Bilateral Morning Glory Syndrome with Bilateral Persistent Fetal Vasculature in a Patient with Joubert’s Syndrome

Purpose. We report a case of a 1-year-old girl who was referred to us with a cerebellar anomaly and delayed growth and development for bilateral ptosis and poor fixation. Based on our ophthalmologic examination, we concluded that she has bilateral persistent fetal vasculature (PFV) with morning glory syndrome (MGS). A closer look into her neurologic condition revealed that she has Joubert’s syndrome. Observations. External examination revealed bilateral symmetrical ptosis with syndromic facies and her fundus examination revealed a large dysplastic optic disc with anomalous radiating vessels and a fibrous tissue tuft originating from the disc. The left eye showed similar findings in addition to a central excavation and a fibrovascular stalk extending from the optic disc.

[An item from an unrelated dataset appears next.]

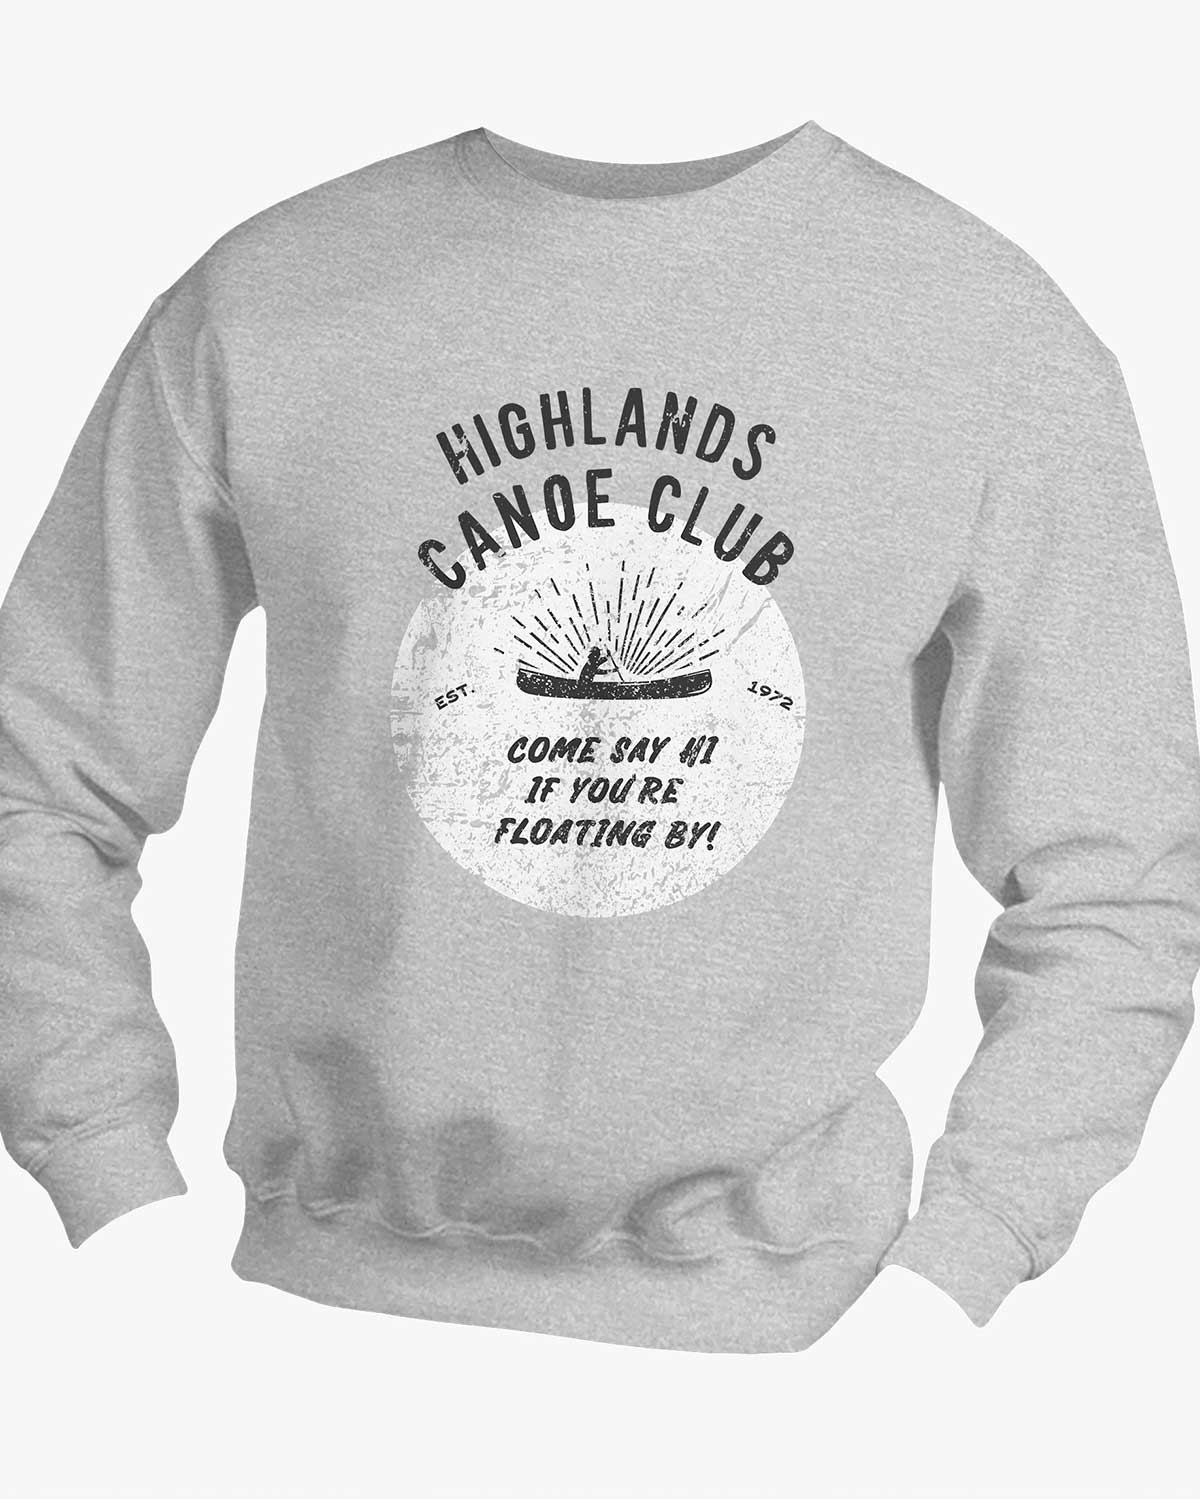 Canoe Club - Highlands - Sweater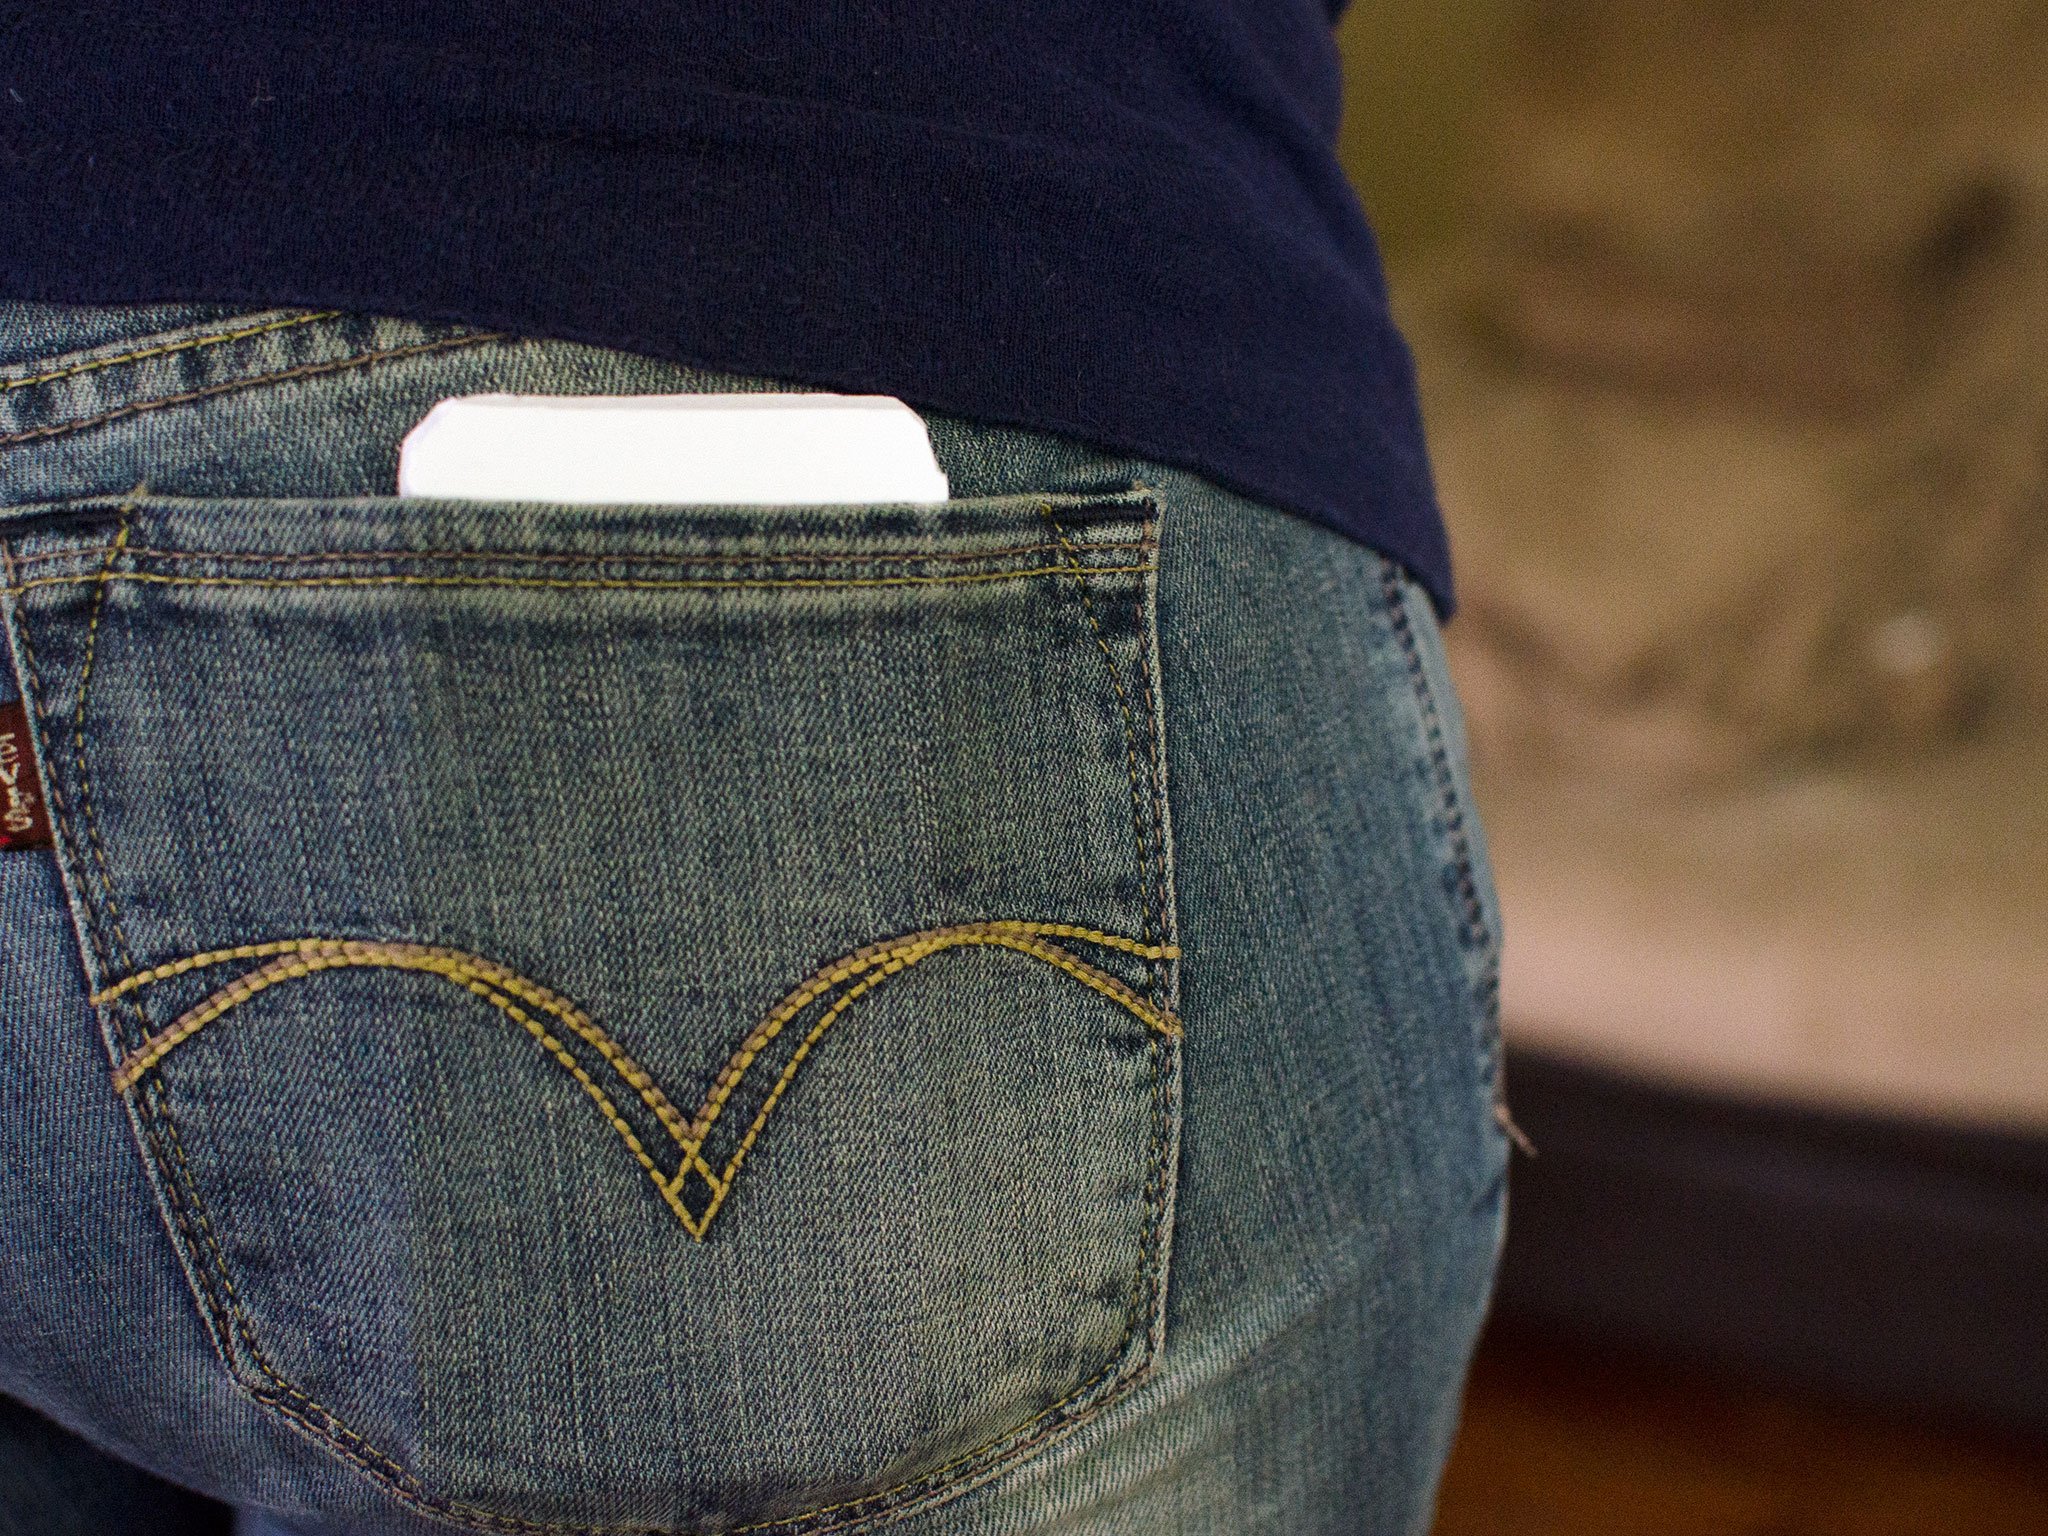 iPhone 6 mockup back pocket view

These findings were consistent with bilateral MGS and bilateral PFV. The brain imaging included a computed tomography scan and magnetic resonance imaging, both of which revealed a “molar tooth appearance” of the midbrain and an anomalous cerebellum suggestive of Joubert’s syndrome. Conclusions and Importance. This is the first case report of a case of bilateral MGS and bilateral PFV associated with Joubert’s syndrome. This case report documents the associated optic nerve disease in these patients, not previously described, which are additive causes of visual compromise in addition to the brain insult.